Task statement: Your copy of the listing must be exact and must hold no images.

Collected data:
* * * * * * *

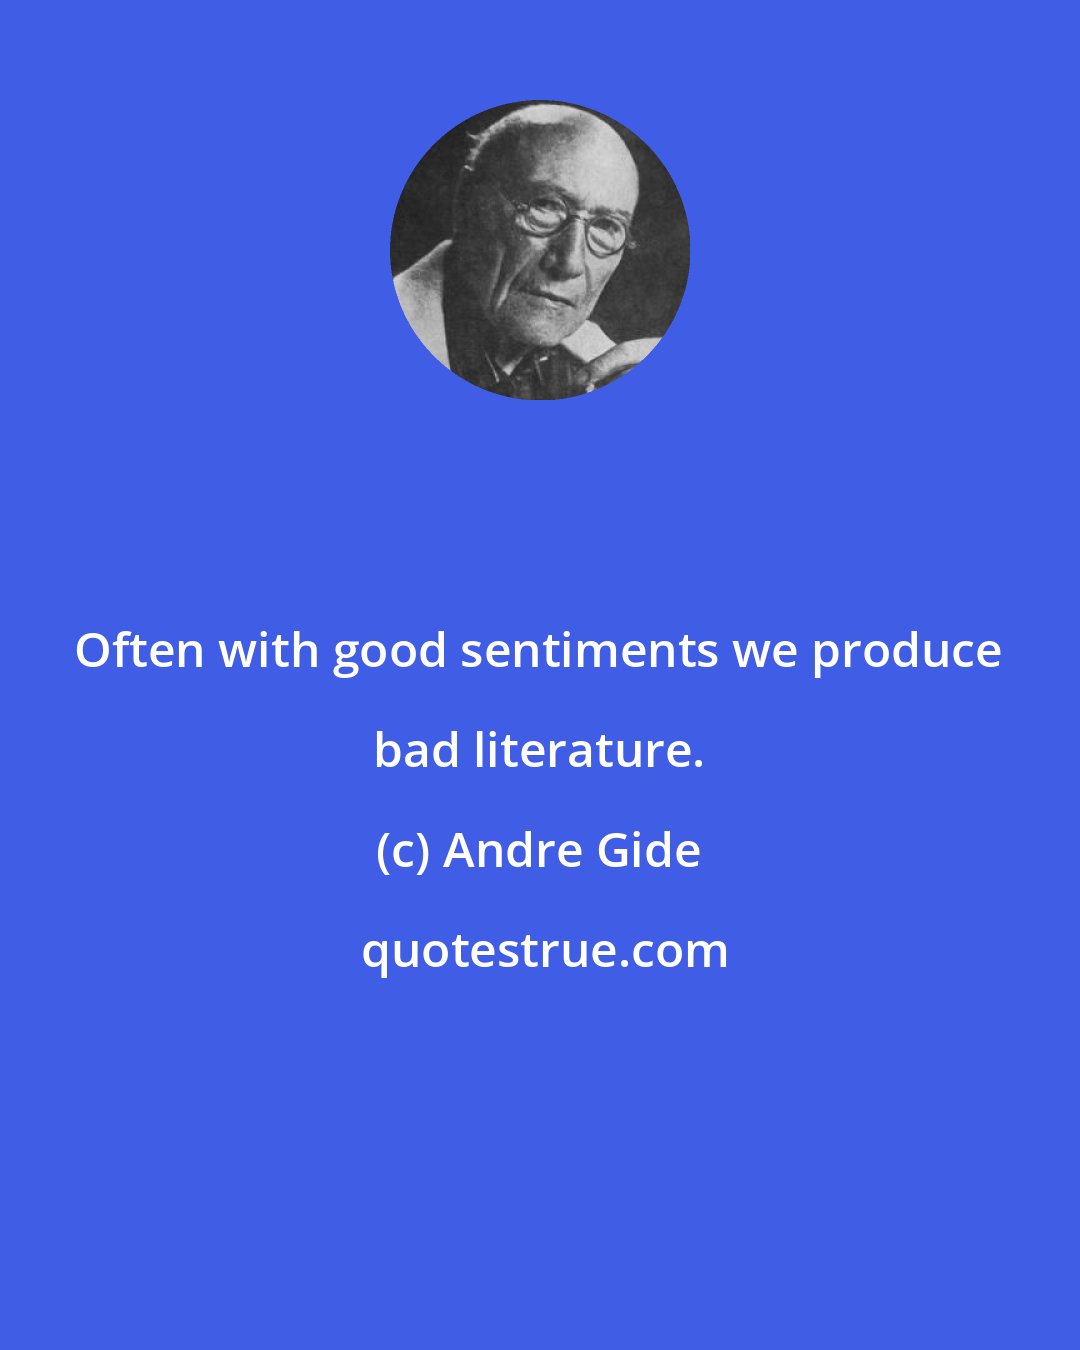 Andre Gide: Often with good sentiments we produce bad literature.
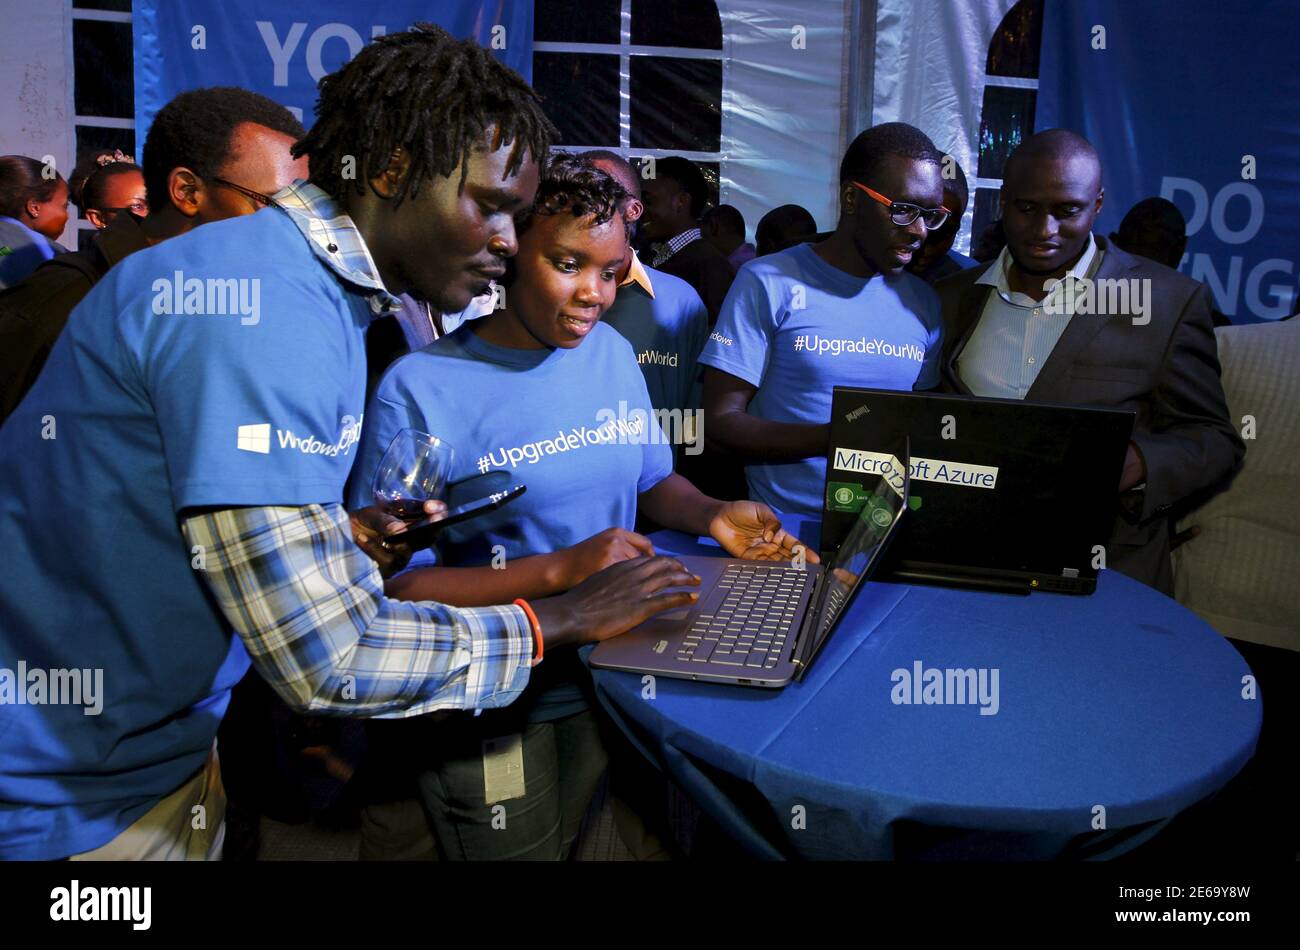 Microsoft delegates check applications in a computer during the launch of the Windows 10 operating system in Kenya's capital Nairobi, July 29, 2015. Microsoft Corp's launch of its first new operating system in almost three years, designed to work across laptops, desktop and smartphones, won mostly positive reviews for its user-friendly and feature-packed interface. REUTERS/Thomas Mukoya Stock Photo
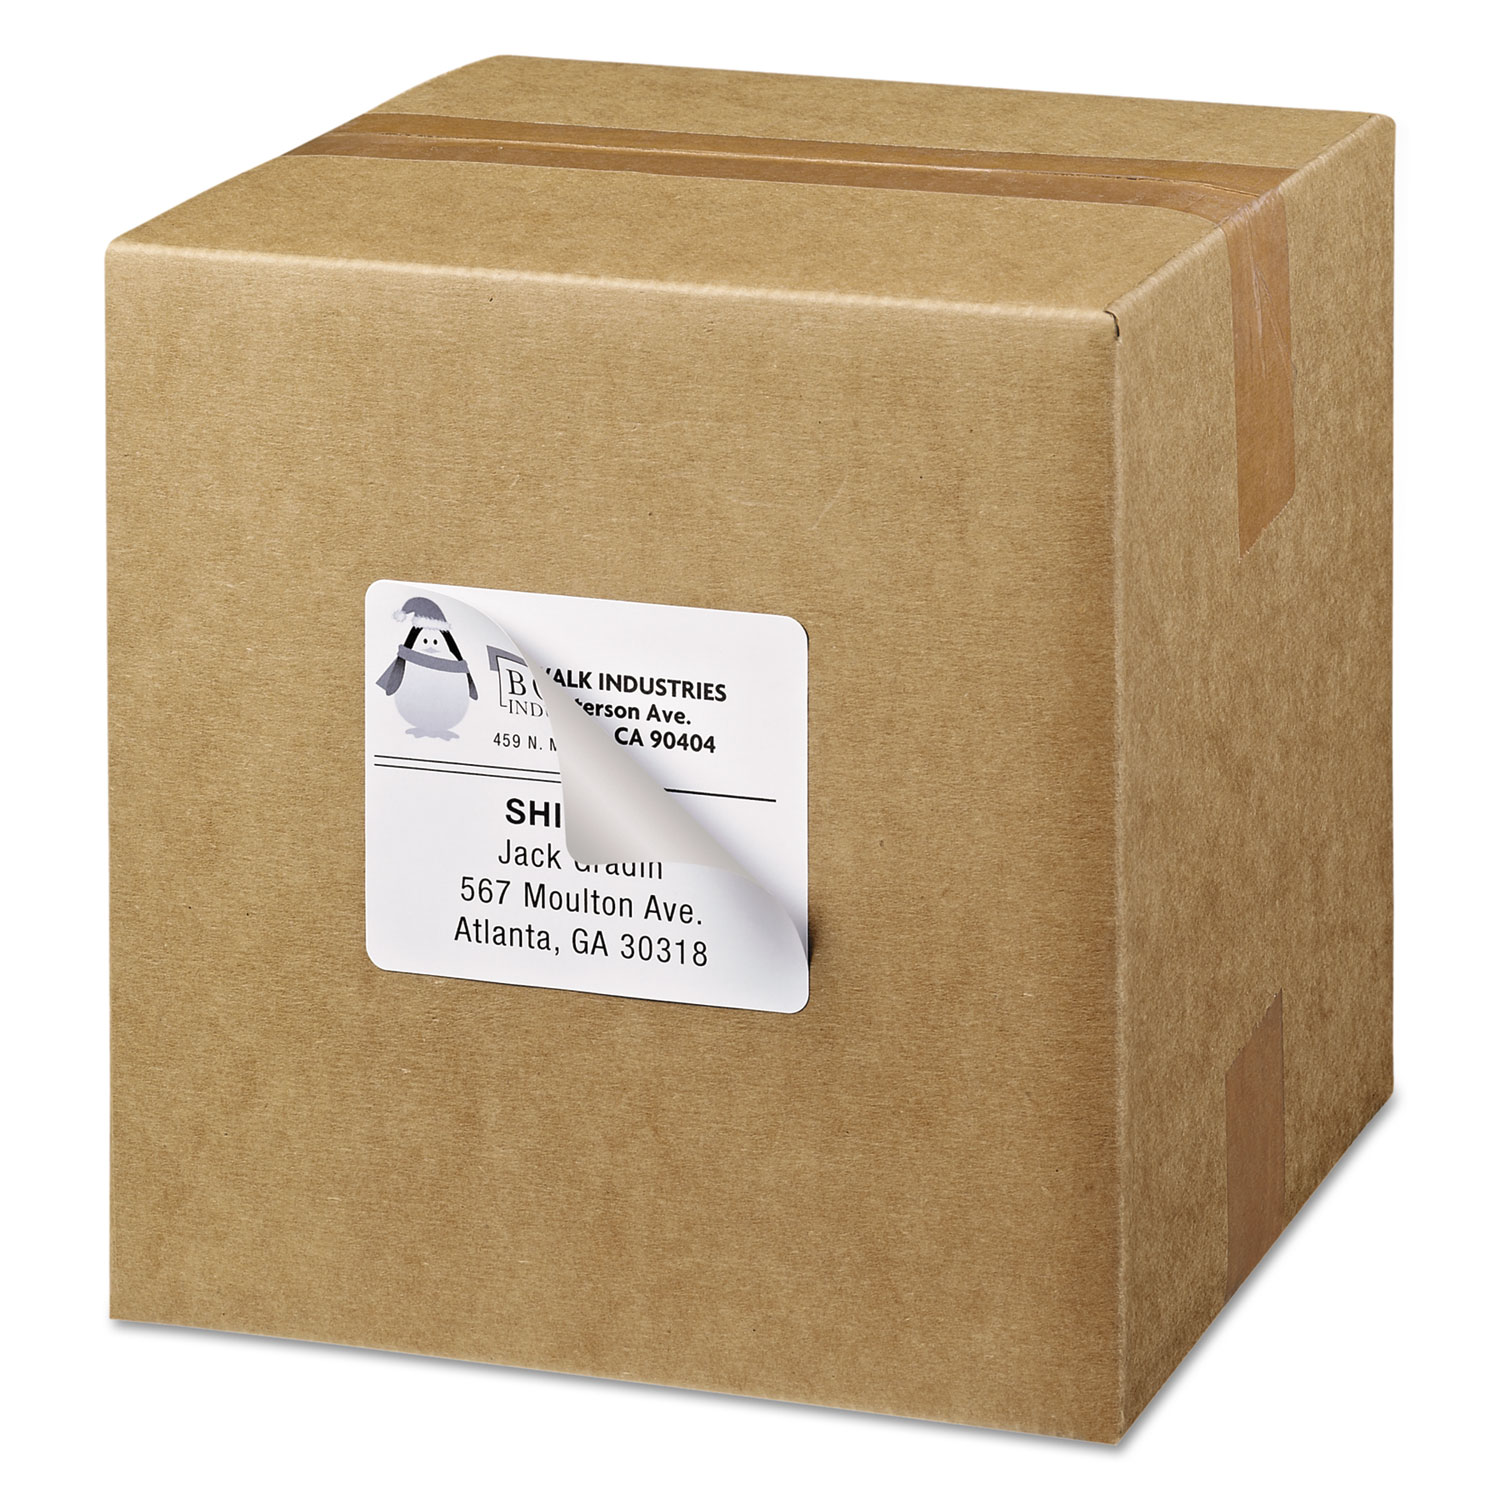 Shipping Labels with TrueBlock Technology, Laser, 3 1/3 x 4, White, 600/Box

* * * * * * *

Result of this task:
 Andre Gide: Often with good sentiments we produce bad literature.
 Microsoft delegates check applications in a computer during the launch of the Windows 10 operating system in Kenya's capital Nairobi, July 29, 2015. Microsoft Corp's launch of its first new operating system in almost three years, designed to work across laptops, desktop and smartphones, won mostly positive reviews for its user-friendly and feature-packed interface. REUTERS/Thomas Mukoya Stock Photo
 Shipping Labels with TrueBlock Technology, Laser, 3 1/3 x 4, White, 600/Box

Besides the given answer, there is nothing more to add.